= Beginning of Section =

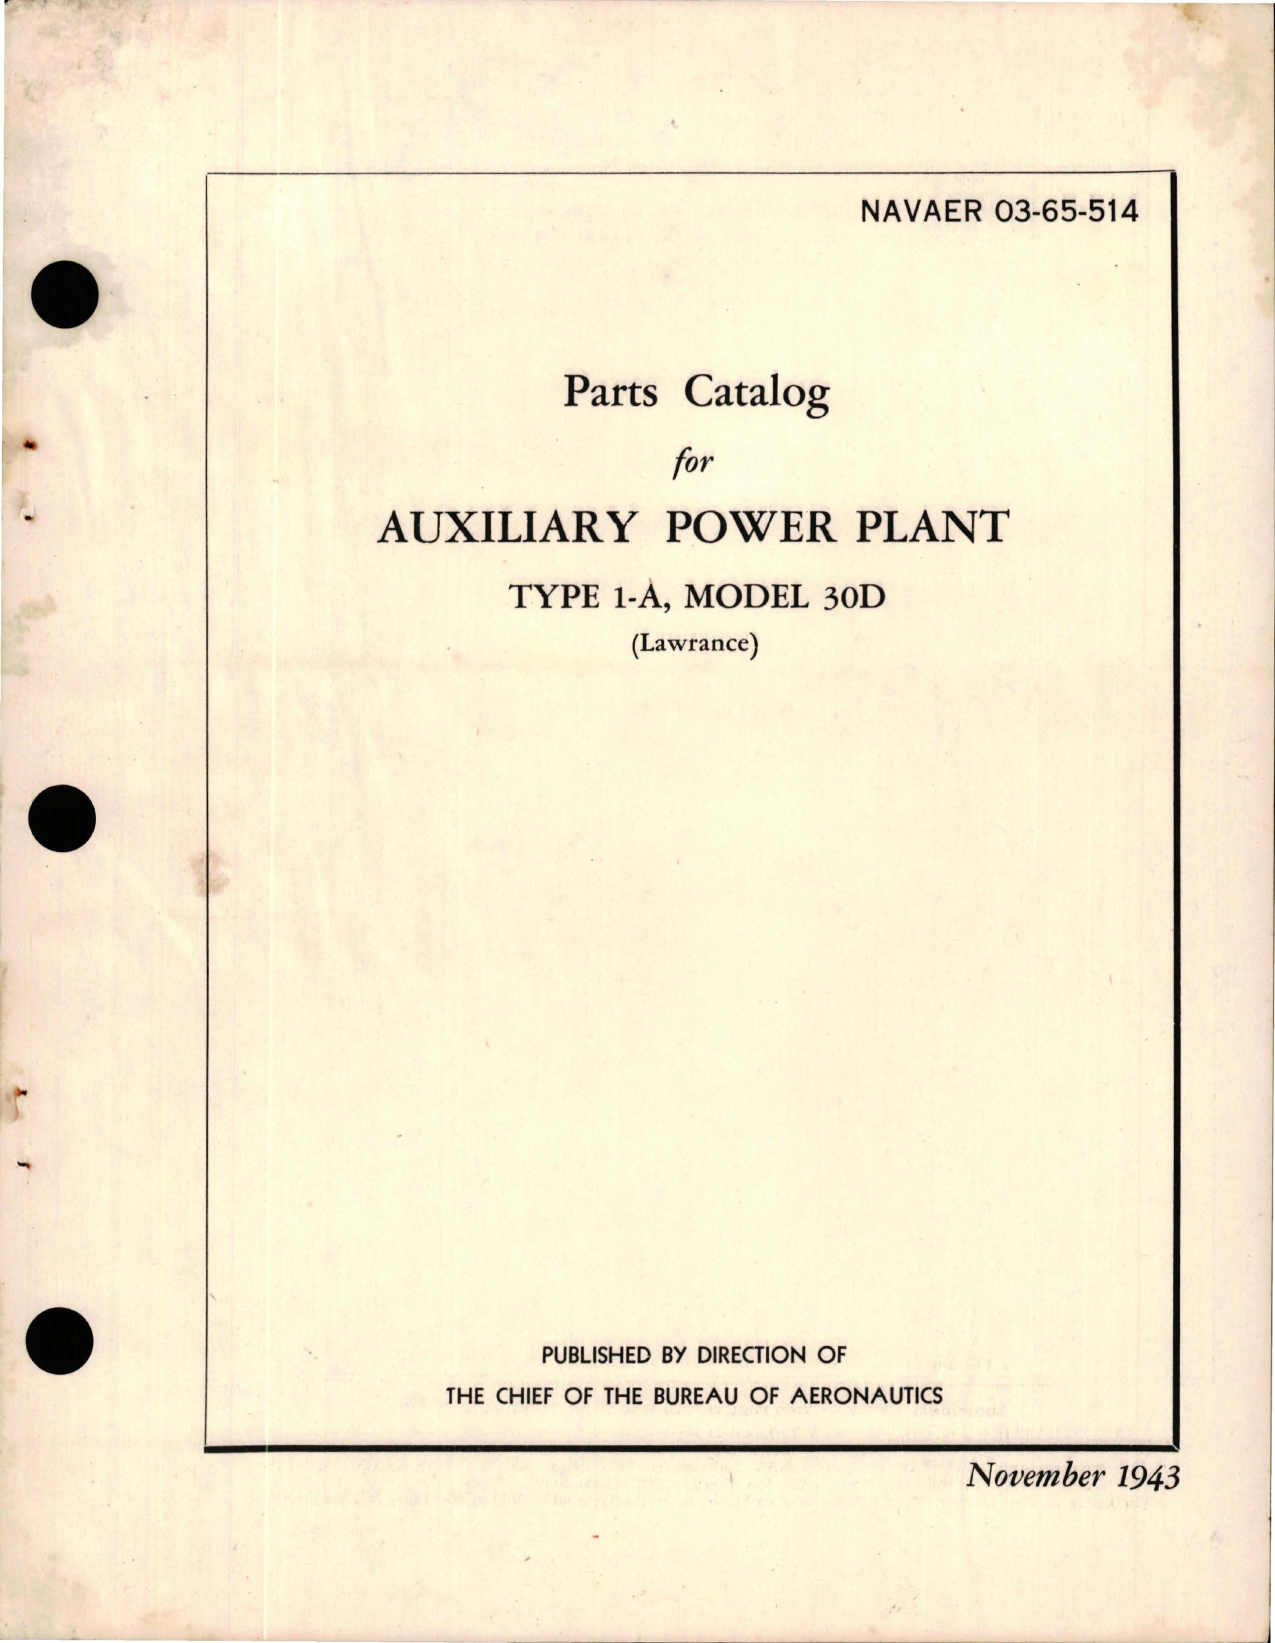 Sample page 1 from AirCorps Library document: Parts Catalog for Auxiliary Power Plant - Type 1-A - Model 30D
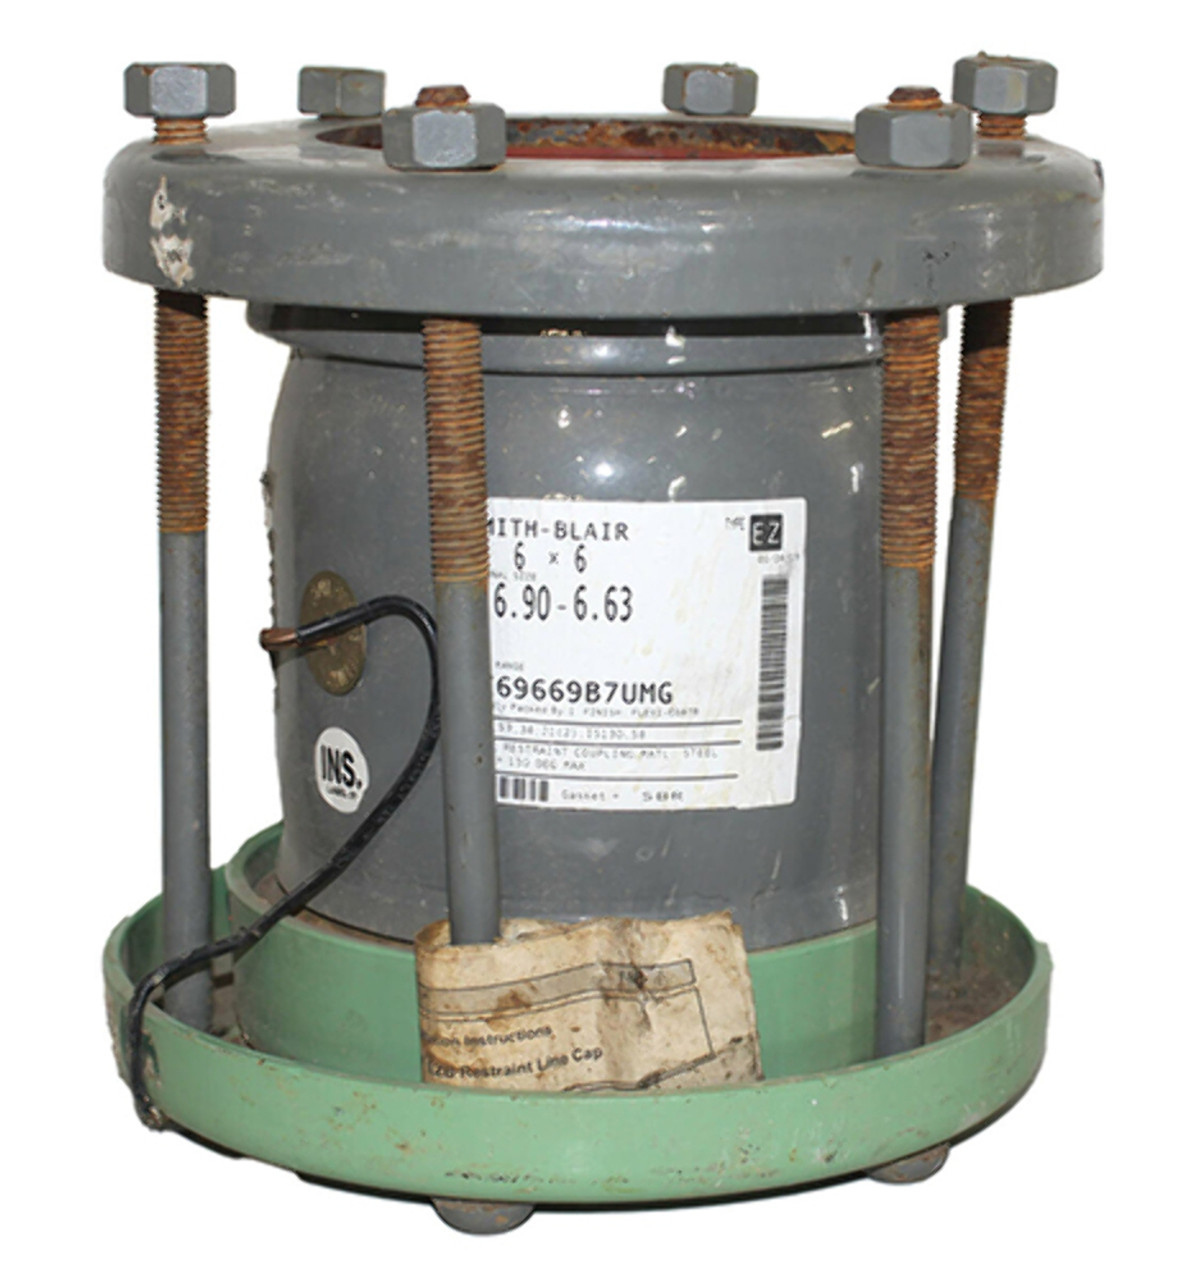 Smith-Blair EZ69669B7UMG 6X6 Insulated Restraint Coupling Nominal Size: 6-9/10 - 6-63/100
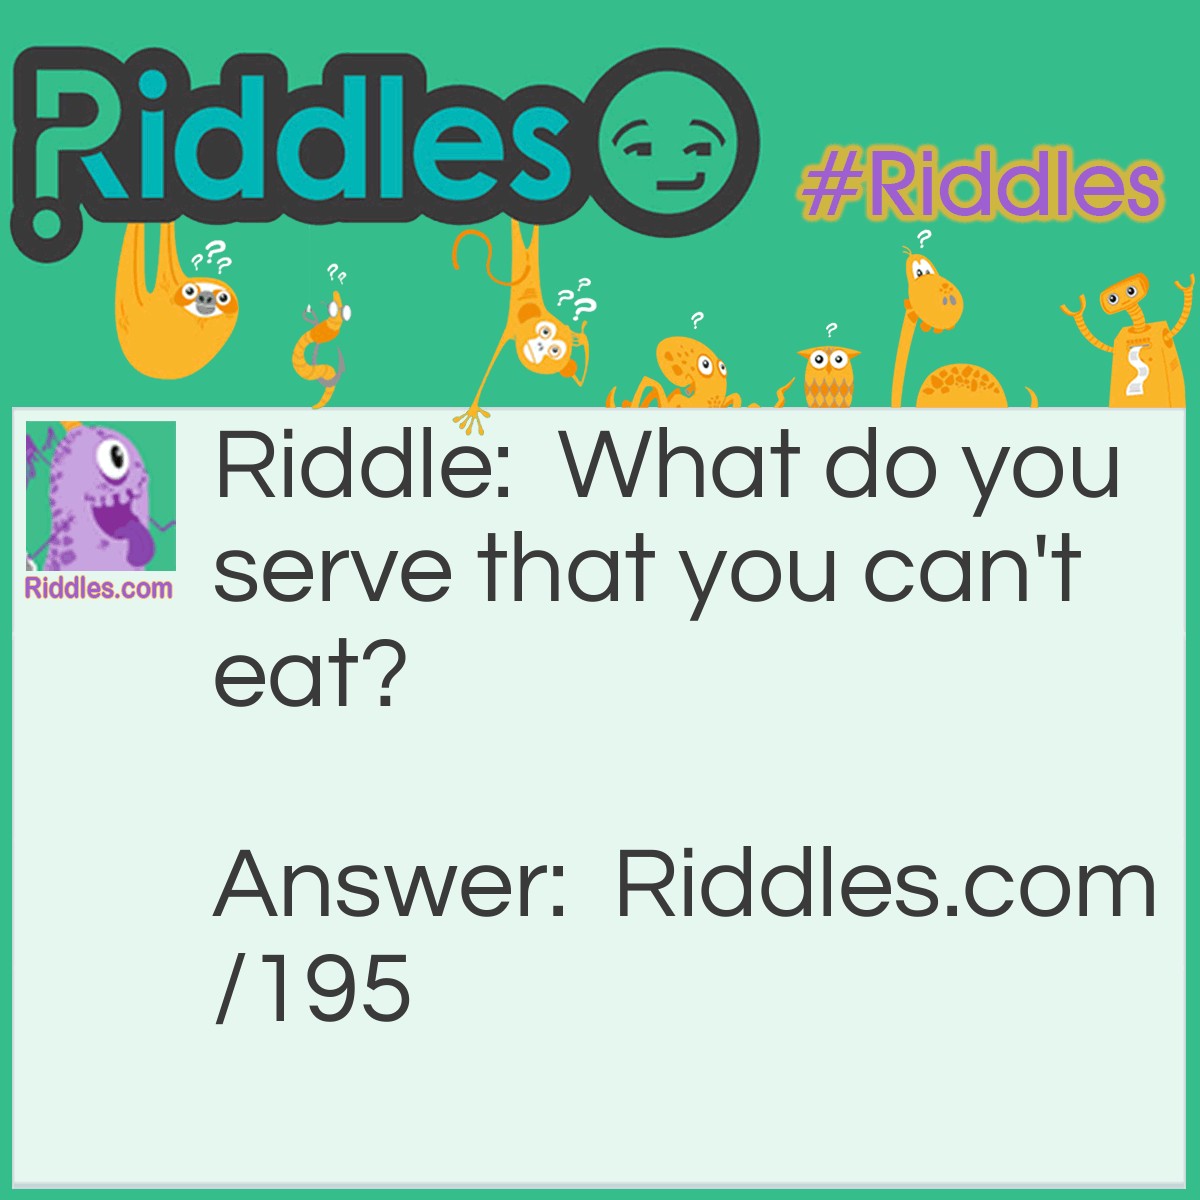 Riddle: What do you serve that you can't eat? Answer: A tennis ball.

= End of Section =

_Exercise goal_
For this exercise, return the data above exactly and leave every picture out.

_Written solution_
 Sample page 1 from AirCorps Library document: Parts Catalog for Auxiliary Power Plant - Type 1-A - Model 30D
 Smith-Blair EZ69669B7UMG 6X6 Insulated Restraint Coupling Nominal Size: 6-9/10 - 6-63/100
 Riddle: What do you serve that you can't eat? Answer: A tennis ball.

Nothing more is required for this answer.